Although some aspects of brain function decline with age, writes Cohen, the “older brain is more resilient, adaptable, and capable than we thought.” When we’re young, for example, we tend to favor one side of the brain over the other. In the second half of life we tend to integrate the hemispheres, essentially “moving to all-wheel drive.”

Autobiography, because it engages both sides of the brain, is like “chocolate for the brain,” says Cohen. Moreover, as we age, we have a stronger impulse to tell our life story. We may not tell that story any better than a younger person would, but we are more motivated to do so—not only because storytelling and reminiscence are part of the natural work of elders, but also because they “become appealing ways of giving back—sharing what we have learned” (Cohen 2007).

The New Fields of Reminiscence Therapy and Personal History


Exasperated by elders who tell stories of the old days over and over, adult children may be reassured to learn that recapitulating the story of their life is the task both of seniors and of people who are dying—and that that task can be made easier.

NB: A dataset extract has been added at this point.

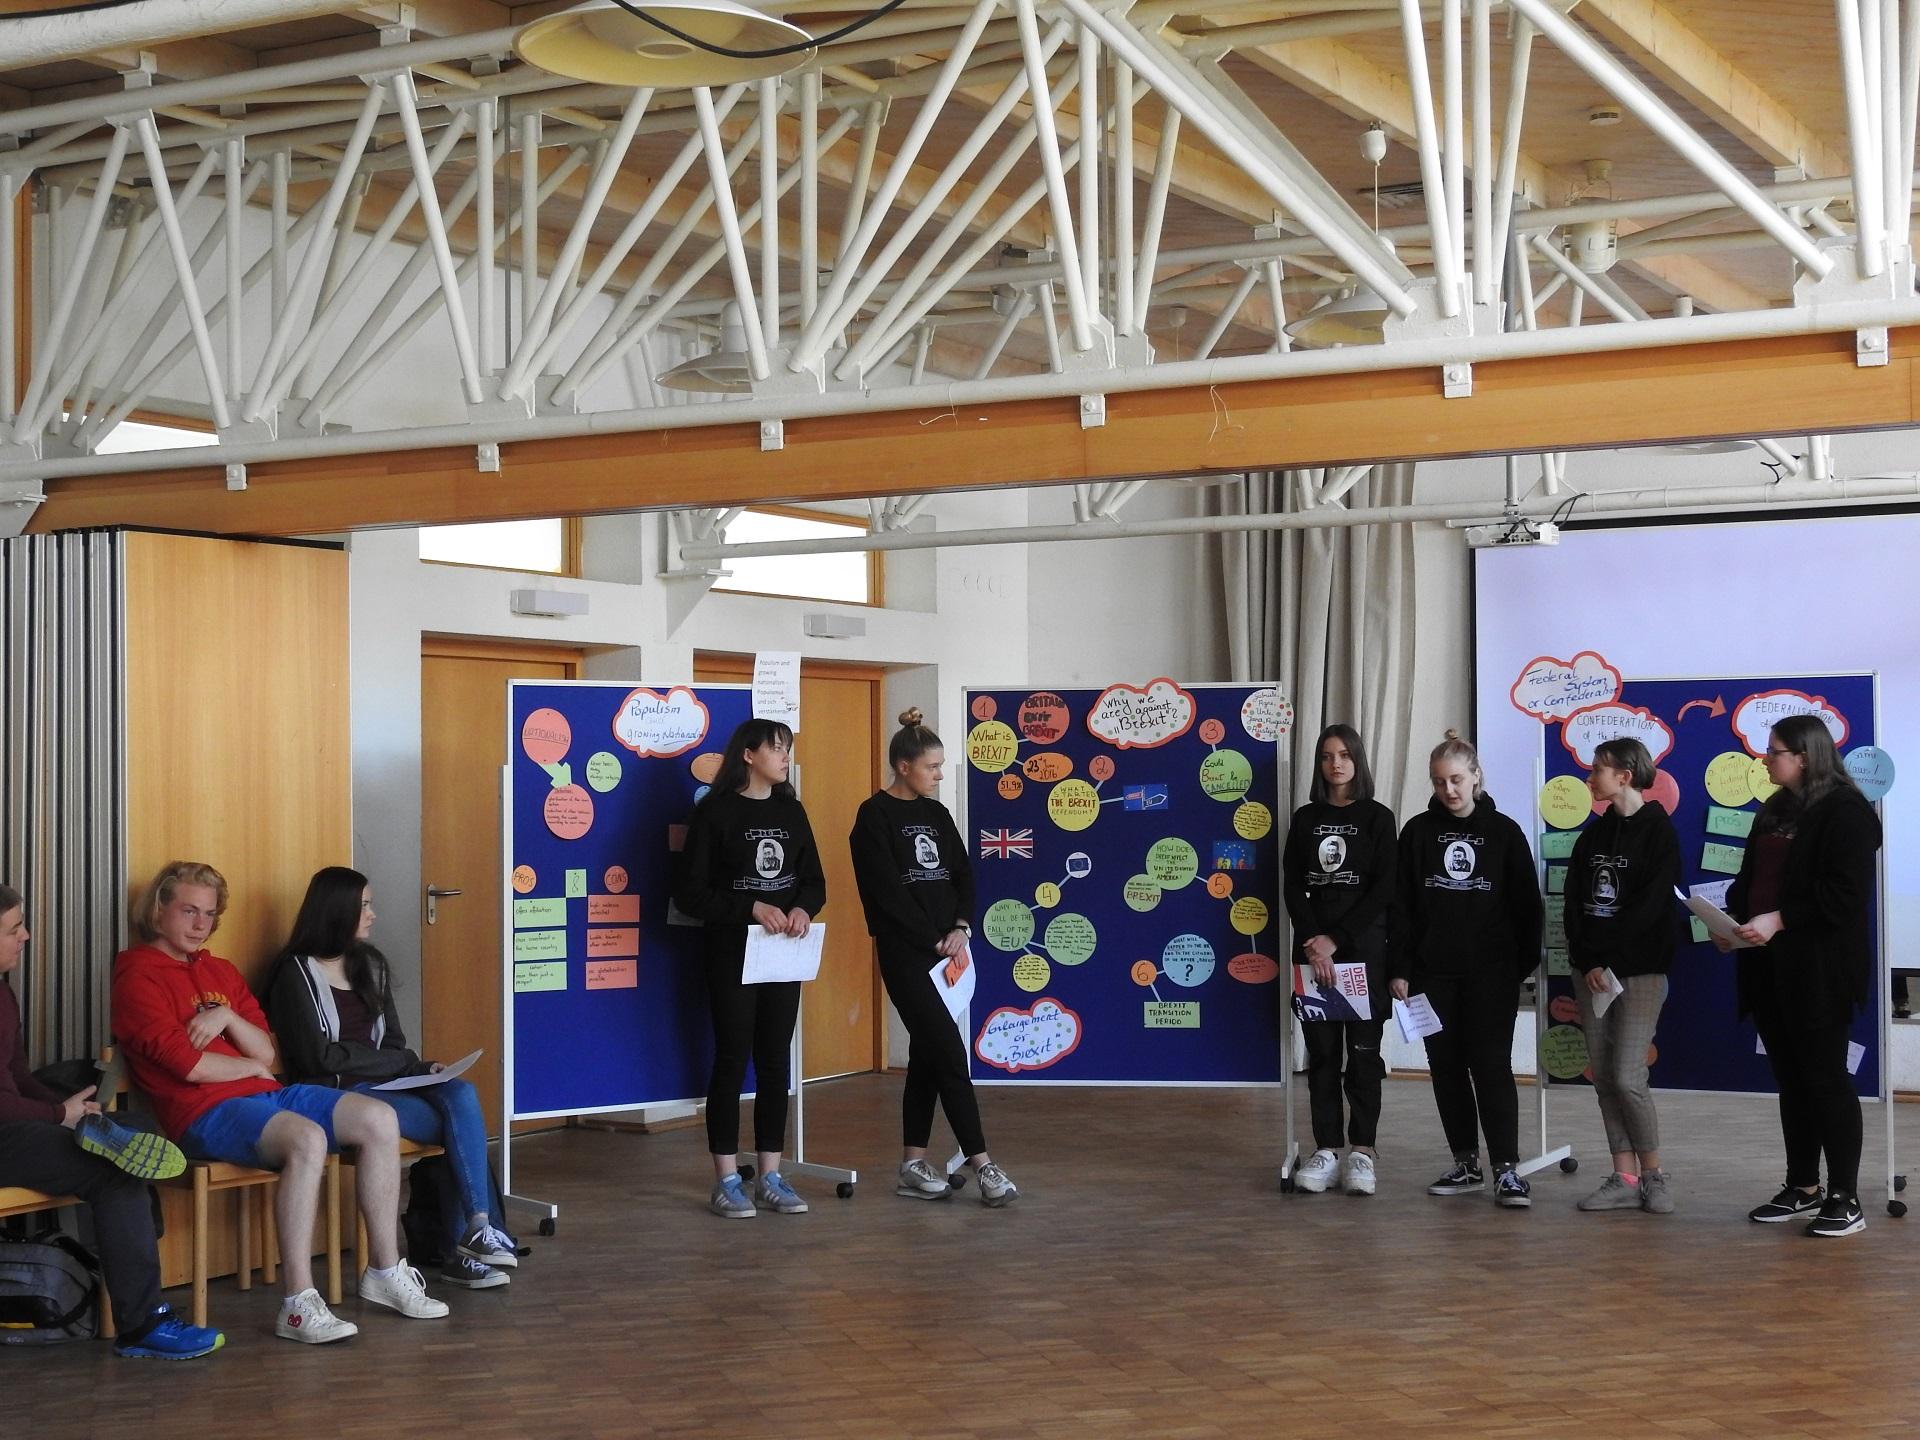 Schulpartnerschaft: Besuch von Vertreterinnen des Kaunas Jonas Jablonskis Gymnasiums
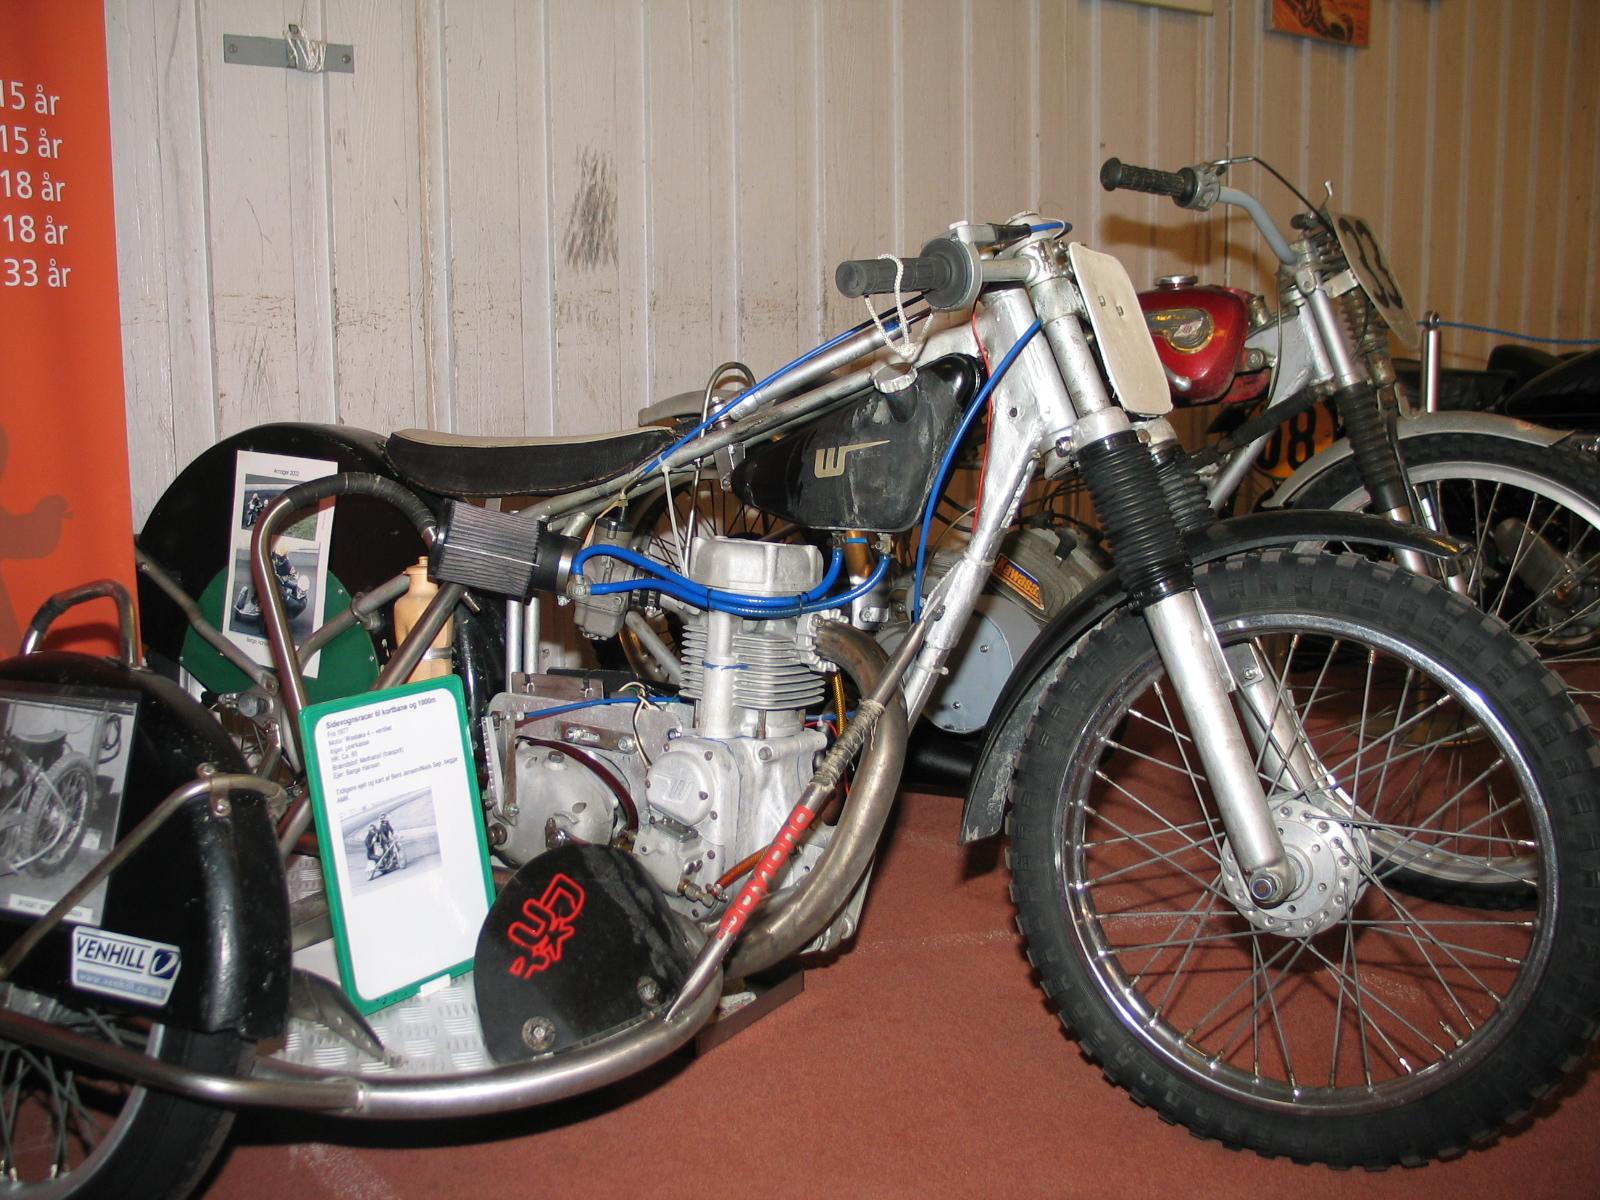 Sidevognsracer med Weslake Motor. Tidligere kørt og ejet af Bent Jensen/Niels Sejr.

An academic conference held in 1995 led to the formation of the International Institute for Reminiscence and Life Review, an academically based organization that has helped increase interest in incorporating reminiscence and life review activities into the care and treatment of older adults. “The known advantages of doing such work,” wrote John A. Kunz (2007), “include improving the attitudes of younger adults toward older adults and vice versa, finding meaning in life, improving problem-solving skills, assisting with the grief process, increasing emotional support, strengthening self esteem, decreasing depression and anxiety, and developing interventions for individuals with dementia.”

The Association of Personal Historians, which also came into being in 1995 [and folded 20 years later], was launched by 15 people who were trying to make a living helping ordinary people record or write their life stories. Statesmen and celebrities had long engaged the services of professional writers to help them with their memoirs. APH’s members (now numbering 670) sought to bring such services to a broader public. Celebrities were welcome, but so was Aunt Minnie.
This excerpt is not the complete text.